As concentrações de mercúrio nos solos variam bastante, e dependem da localização da fonte de emissão e da geologia local. Quando distante de fontes locais de poluição, os níveis de mercúrio nos solos dependem do tipo de rocha matriz, do pH do solo, da capacidade de troca catiônica, da intencidade do intemperismo e de processos biológicos. O conhecimento sobre a ocorrência de mecanismos de acumulação de mercúrio em ecossistemas terrestres é mais limitado que as informações que temos a respeito do mercúrio na cadeia alimentar aquática. Contudo, o mercúrio em ecossistemas aquáticos é fortemente influenciado pelo ecossistema terrestre (LODENIUS; MALM, 1998).

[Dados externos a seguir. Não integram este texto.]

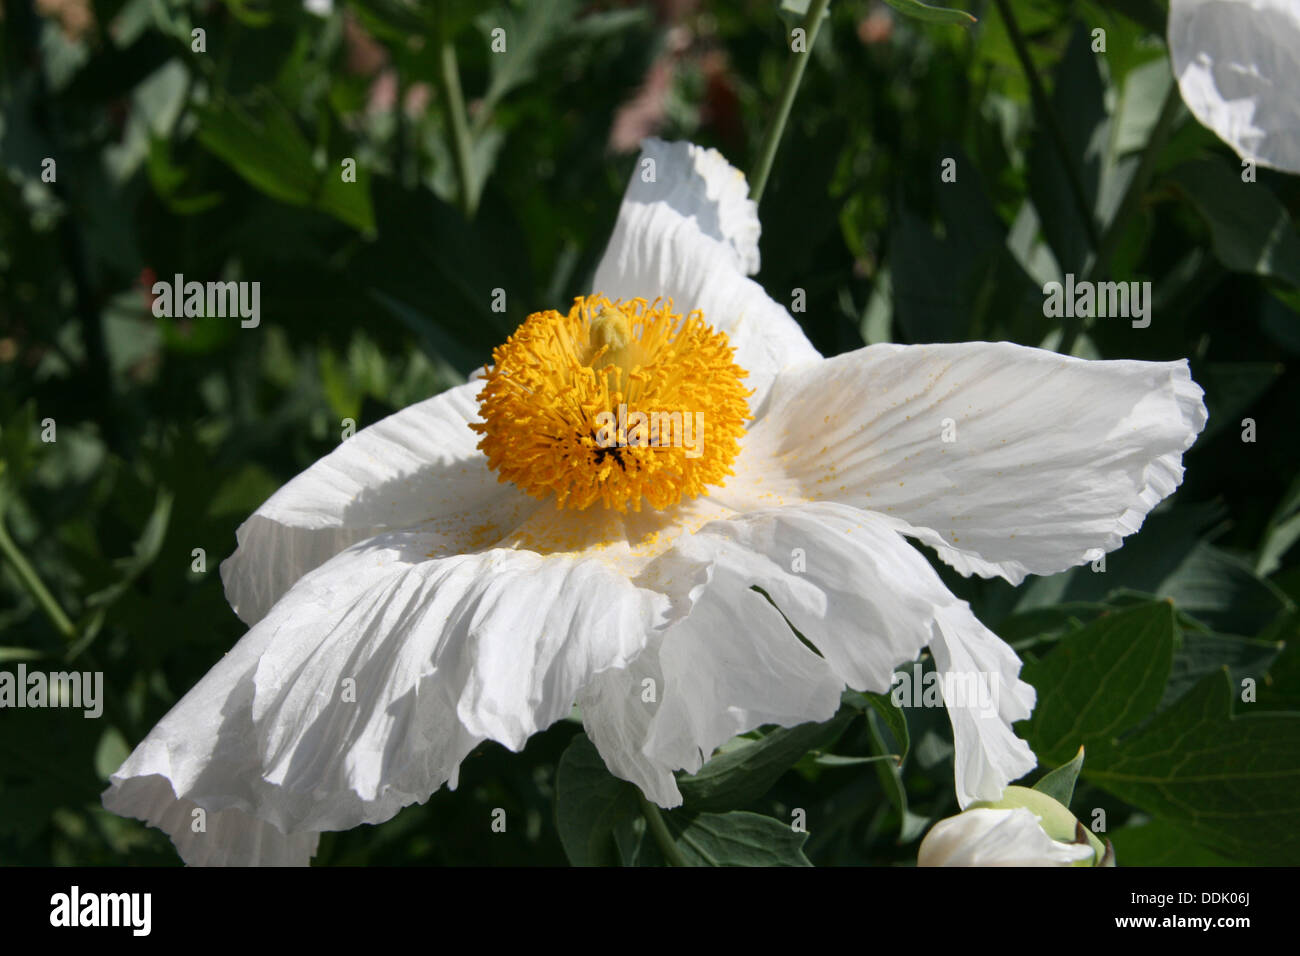 Fiore Simile Al Papavero Immagini e Fotos Stock - Alamy

O projeto METAALICUS (experiência com mercúrio para avaliar a carga atmosférica no Canadá e nos E.U.A.) foi um experimento conduzido em um ecossistema inteiro projetado para estudar a atividade, a mobilidade, e a disponibilidade do mercúrio depositado pela atmosfera (HINTELMANN et al., 2002). Neste experimento, a dinâmica do mercúrio depositado recentemente em um ecossistema terrestre foi estudada apartir de um isótopo estável enriquecido do mercúrio (202Hg) que foi pulverizado em uma pequena bacia de floresta boreal. Esta experiência permitiu acompanhar o destino do mercúrio "novo" na deposição e distingui-lo do mercúrio nativo armazenado historicamente no ecossistema. O estudo

mostrou que o mercúrio recentemente depositado foi mais reativo do que o mercúrio nativo com respeito às vias de volatilização e metilação. Além disso, o experimento mostrou que a mobilidade através do escoamento superficial foi muito baixa e diminuiu fortemente ao longo do tempo por causa do rápido equilíbrio com o reservatório nativo de mercúrio.

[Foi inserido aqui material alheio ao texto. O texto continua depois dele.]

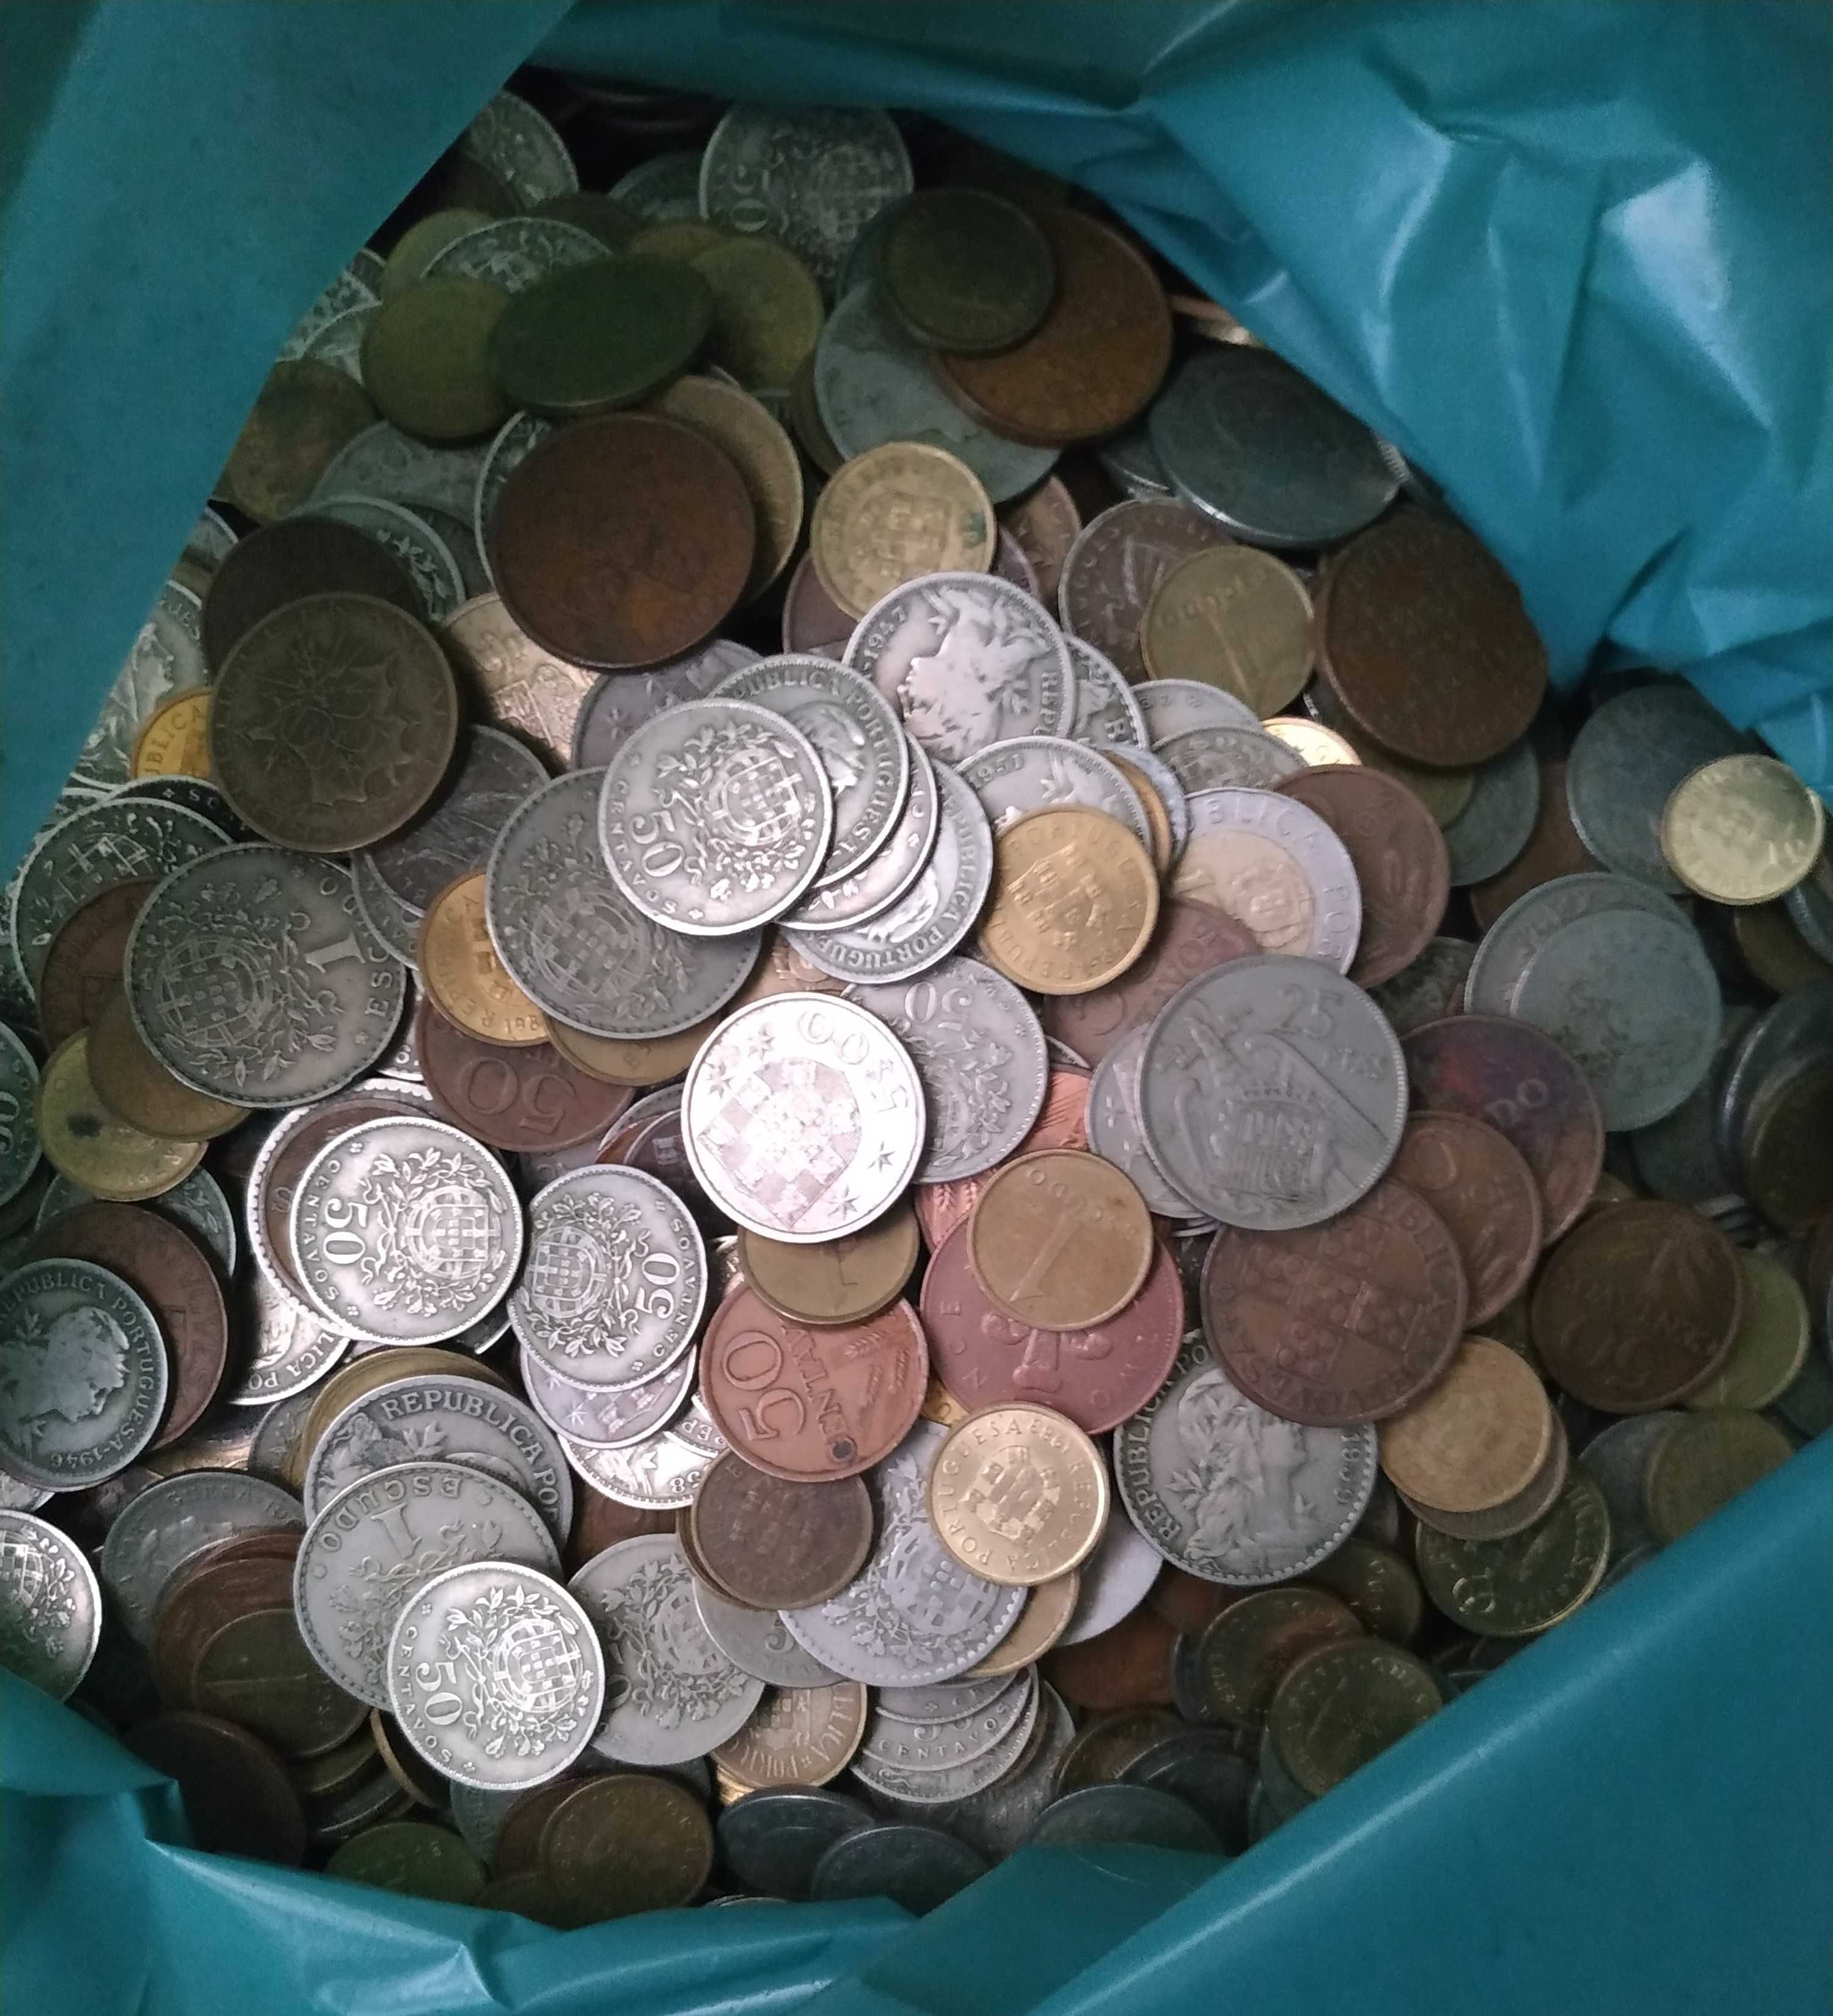 Vendo moedas ao kilo (5€/kg)

O mercúrio depositado nos solos esta sujeito a vários processos químicos e biológicos de transformação como oxidação do Hg0, redução ou metilição do Hg2+ dependendo do pH do solo, temperatura e conteúdo húmico do solo. A mobilização do mercúrio em solos através da formação de compostos inorgânicos de mercúrio solúveis, tais como HgCl2 e Hg(OH)2, tem uma menor importância do que a eluição do mercúrio ligado à substâncias húmicas no solo (BIESTER et al., 2002). A formação de complexos orgânicos de Hg2+ é o processo dominante devido a grande afinidade do mercúrio aos compostos que contem enxofre em seu grupo funcional (XIA et al., 1999).

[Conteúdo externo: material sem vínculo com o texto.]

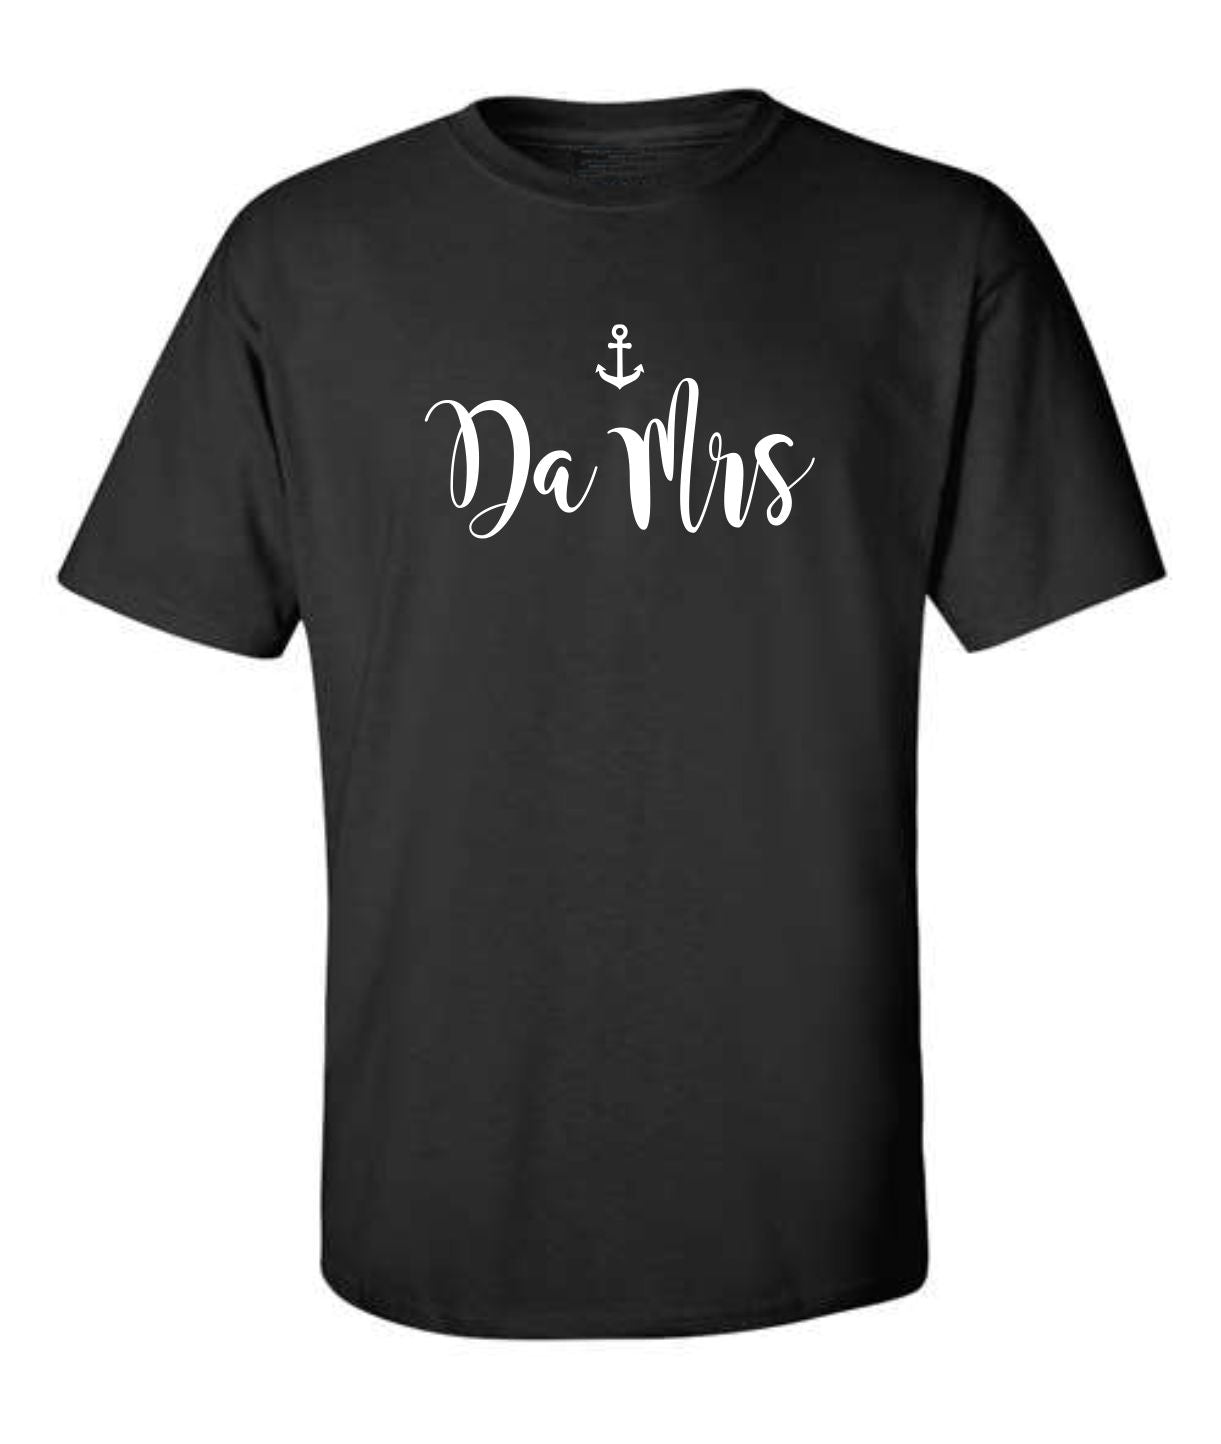 "Da Mrs" T-Shirt

Por outro lado, os mecanismos de interação físico-química e a mobilidade do mercúrio em solos e rejeitos de garimpo de ouro foram avaliados por Melamed; Vilas Bôas (2002). Segundo esses autores a diminuição do pH afeta diretamente a capacidade de retenção do Hg em latossolos, devido à competição do H+ pelos sítios ativos. E a presença do anion cloreto complexa o Hg2+ diminuindo sua interação com a superfície oxidada, facilitando assim sua mobilização. A aplicação de fosfato aumenta a retenção do mercúrio, contudo, somente na ausência do cloreto.

A transformação do Hg2+ em metilmercúrio aumenta a mobilidade do mercúrio no ambiente (SCHLUTER, 1997; MELAMED; VILAS BÔAS, 2002).